どうにか冒険者として暮らしていけないものか。どういう人なら冒険者になれるんだろうか?何か抜け道がないものか…そこを聞いてみた。


「…止めはしませんが、多くの人はステータスでどうするかを決めるでしょうね」



 ステータス?

 念じれば出るらしいが。




出ろ!……えーともう一回、出ろ!!


ハフリ ユメ

役割【神巫】

Lv:1

HP50/50

MP50/50

筋力:50

魔力:50

速度:50

防御:50

抵抗力:50

【スキル】

:【剣術】Lv.1【経験値アップ】Lv.1

 

 うわ出た。目の前にホログラムのように浮き上がってみえる。


 「これも知らないんですね?ステータスというのは、自分の能力を簡単に示したり、見たりできるものです。
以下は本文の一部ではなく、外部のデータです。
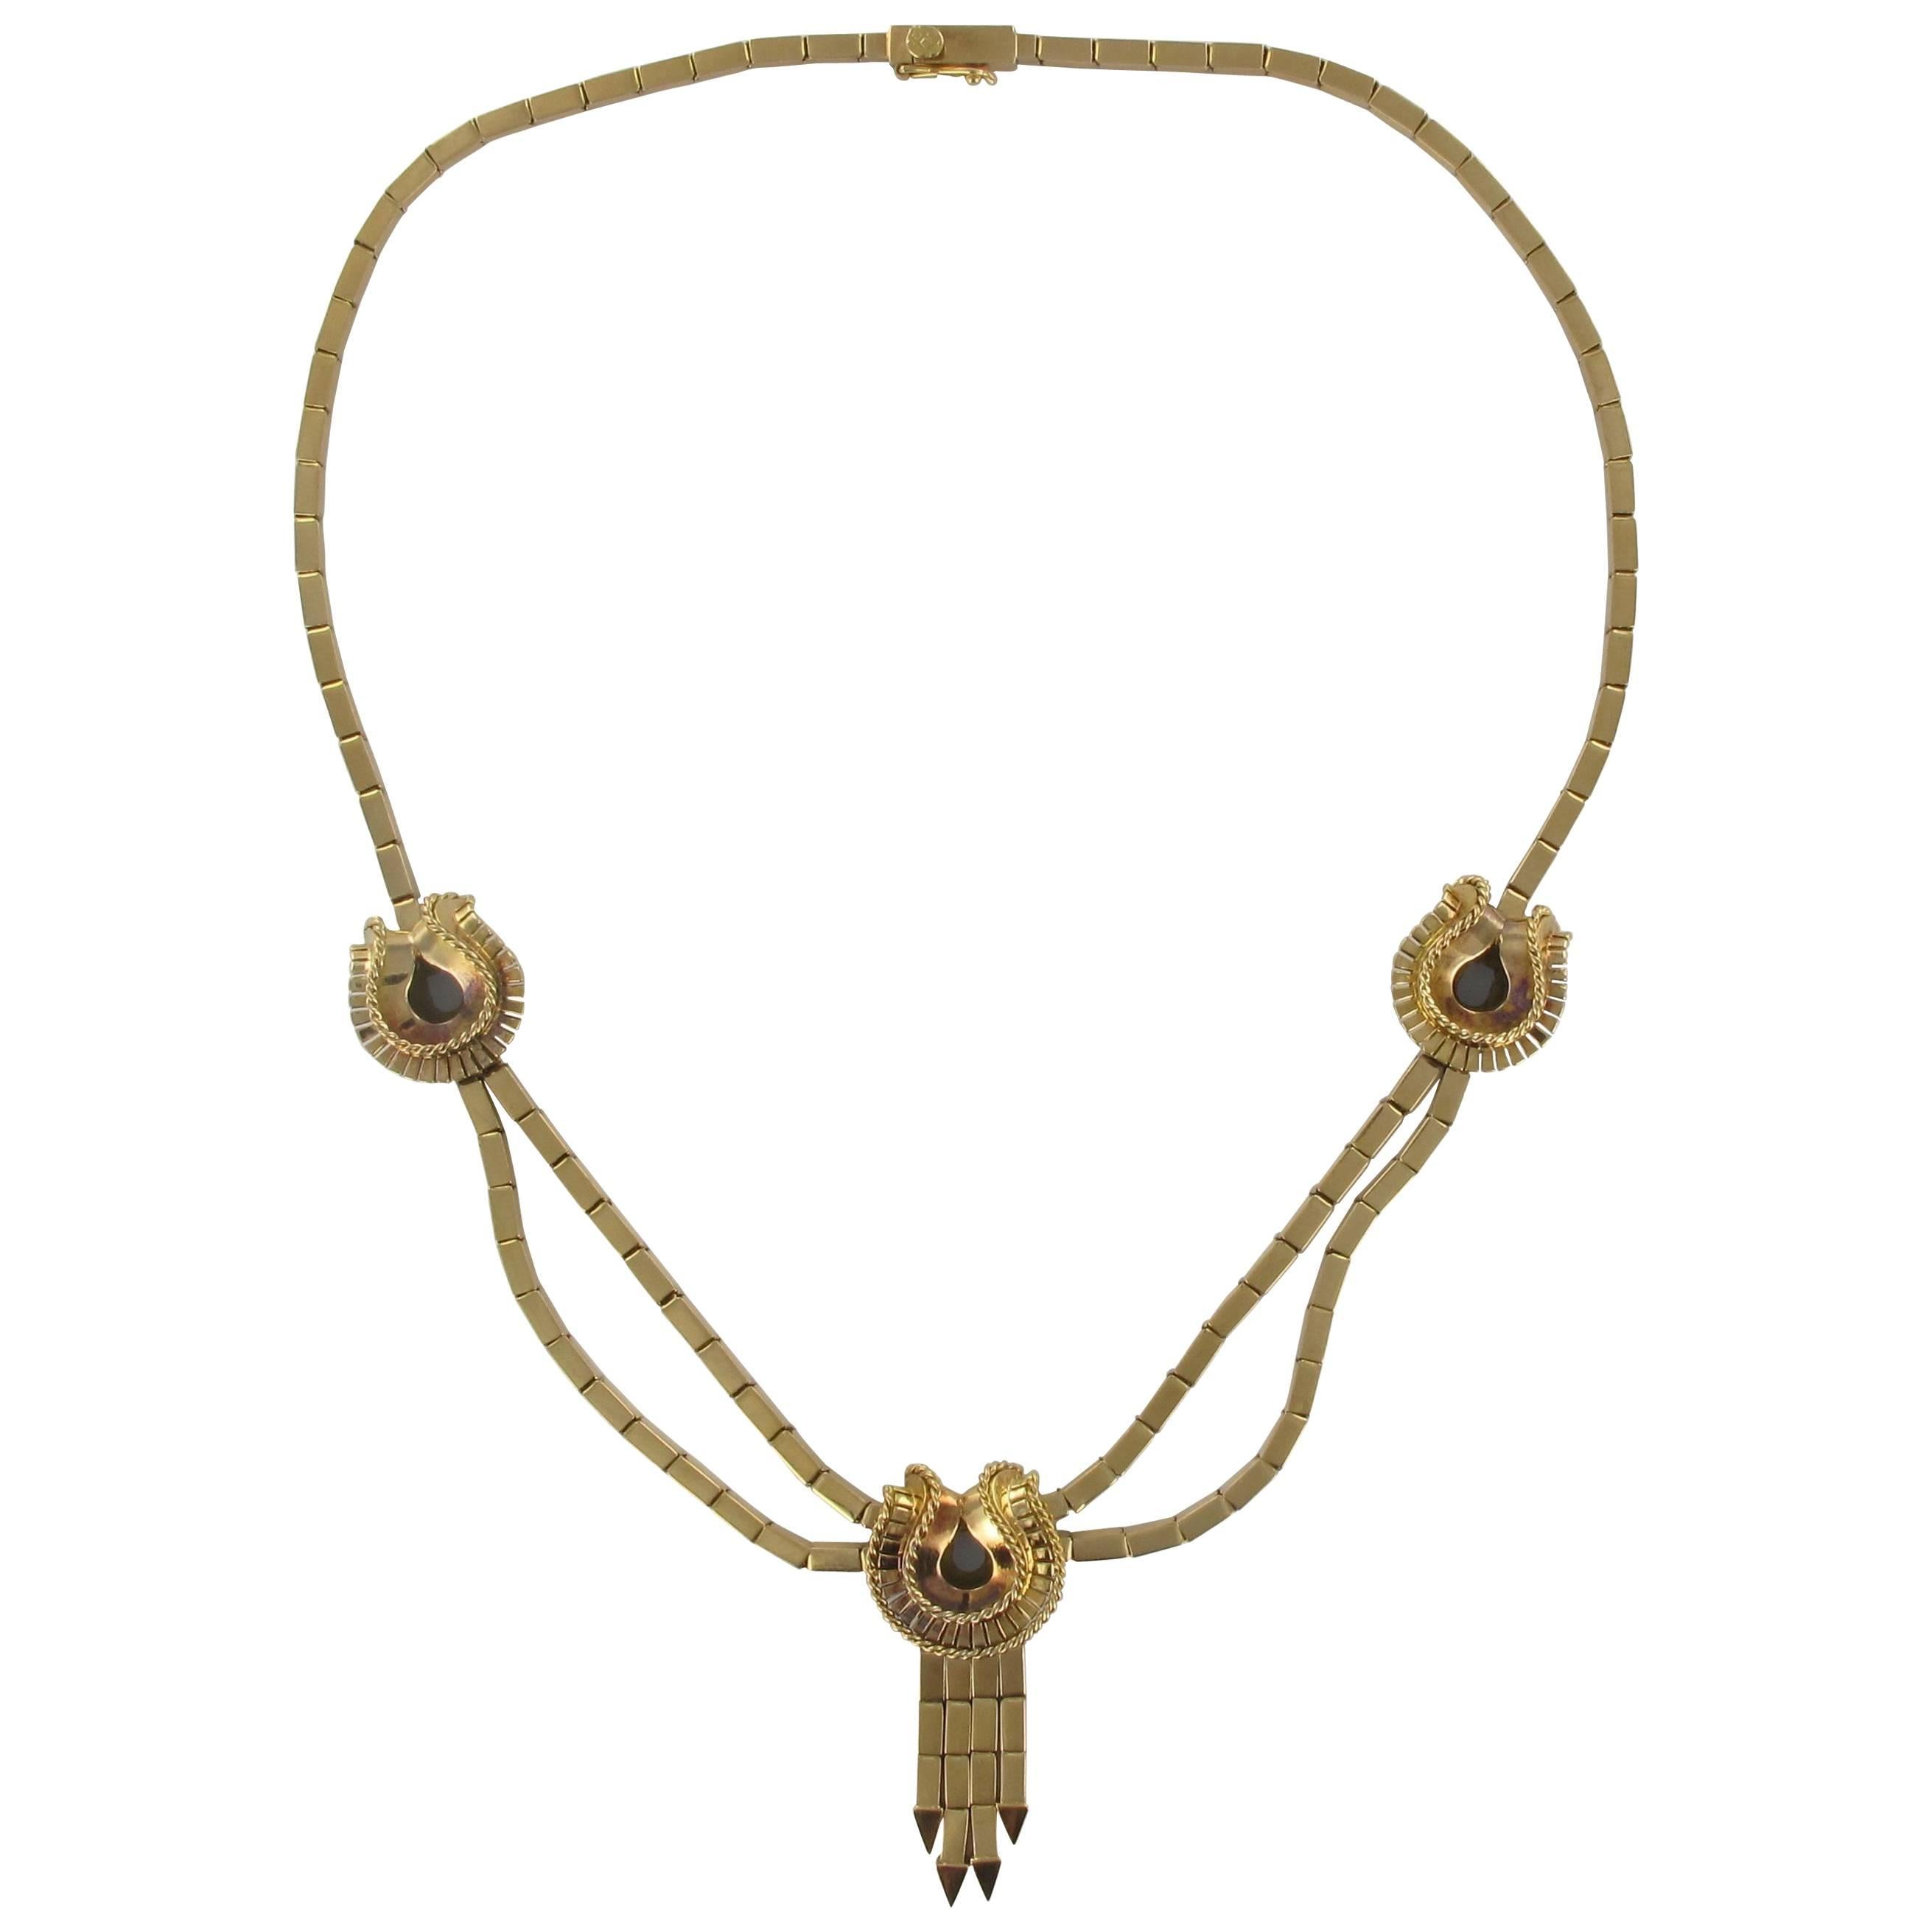 1940s French Retro 18 Karat Gold Mesh Necklace

」


 それはパッと見でわかるよ。


 この、【スキル】とか、っていうのは。


 「それはですね。……何ですか?」


 メムが時計を指さしている。


 「お話の途中で悪いですけど、そろそろやばい時間かもですよ。私も行くんで、準備して待ってたんですけど……」


 上海はそれを聞いて焦りだす。全く忘れてしまっていたんだろう。


 「あああ、えーと、メム、鞄はありますか。それと……」


 バタバタと準備をし始める。腕が六本あって絡まないのかと思っていたが、どうやらちょこちょこ絡むらしい。
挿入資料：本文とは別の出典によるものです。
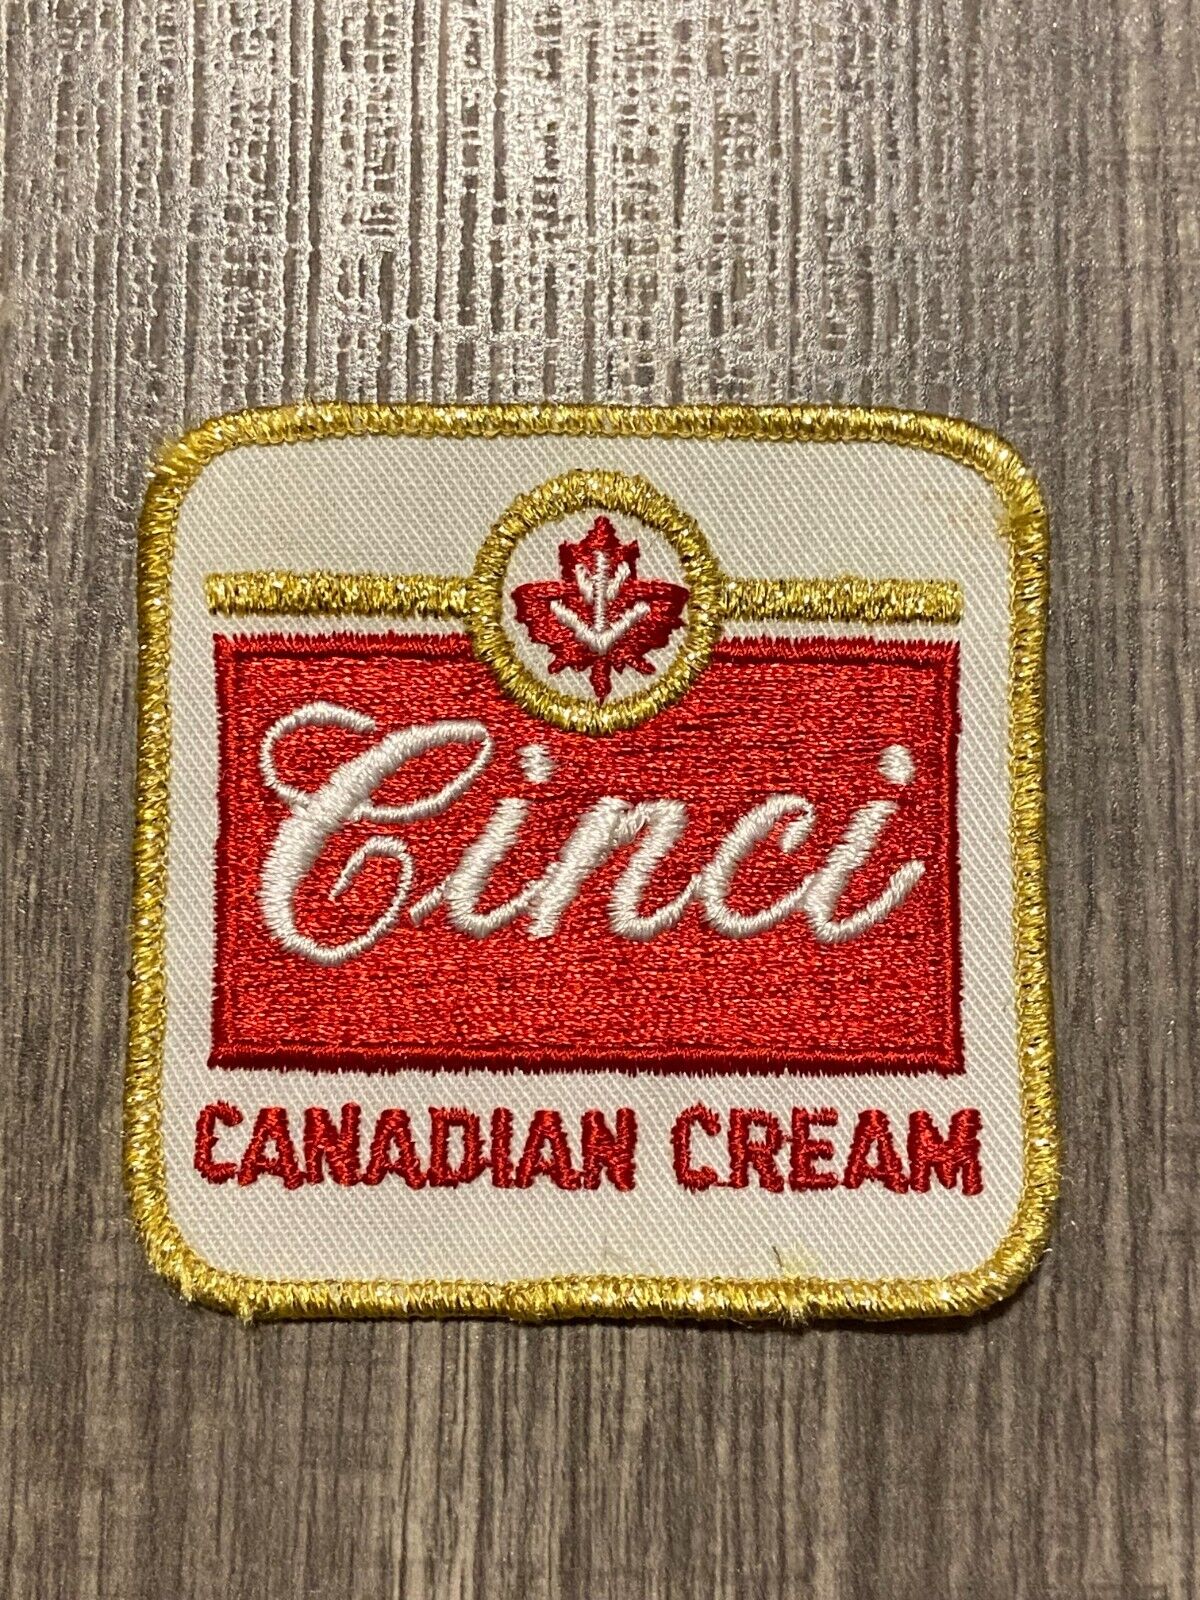 CINCI CANADIAN CREAM BEER PATCH -CANADA

 「あ。えーと、祝子さん。大変でしたでしょうから、数日間はギルド内の寮にいて構いません。あとは、そこのギルド員に説明してもらってください。それでは。」


 急いで出ていってしまった。メムも引き続いて出ていってしまったが、去り際に、


 「祝子ちゃん、今後大変だと思うから、少ないけどこれ……」


 といって、紙幣を数枚ほどくれた。


 上海といいメムといい、優しいな。ありがたくいただこう。

 

 その後、ギルド員に案内してもらって、ギルド内の宿についた。


「ここがギルド社員用の宿直室だよ。シャワー室は部屋に備え付けで、食事は食堂に行ったらもらえるよ。このゲスト用のキーがあれば受け取れるんで、そうしてね。」


 


 わたしの泊まる予定の部屋は大体4畳くらいで、机とベッド、ユニットバスが併設のようだ。部屋に入って、ベッドに座って今後について考えようとしたが、疲れてたんだろうか、そのまま寝てしまった。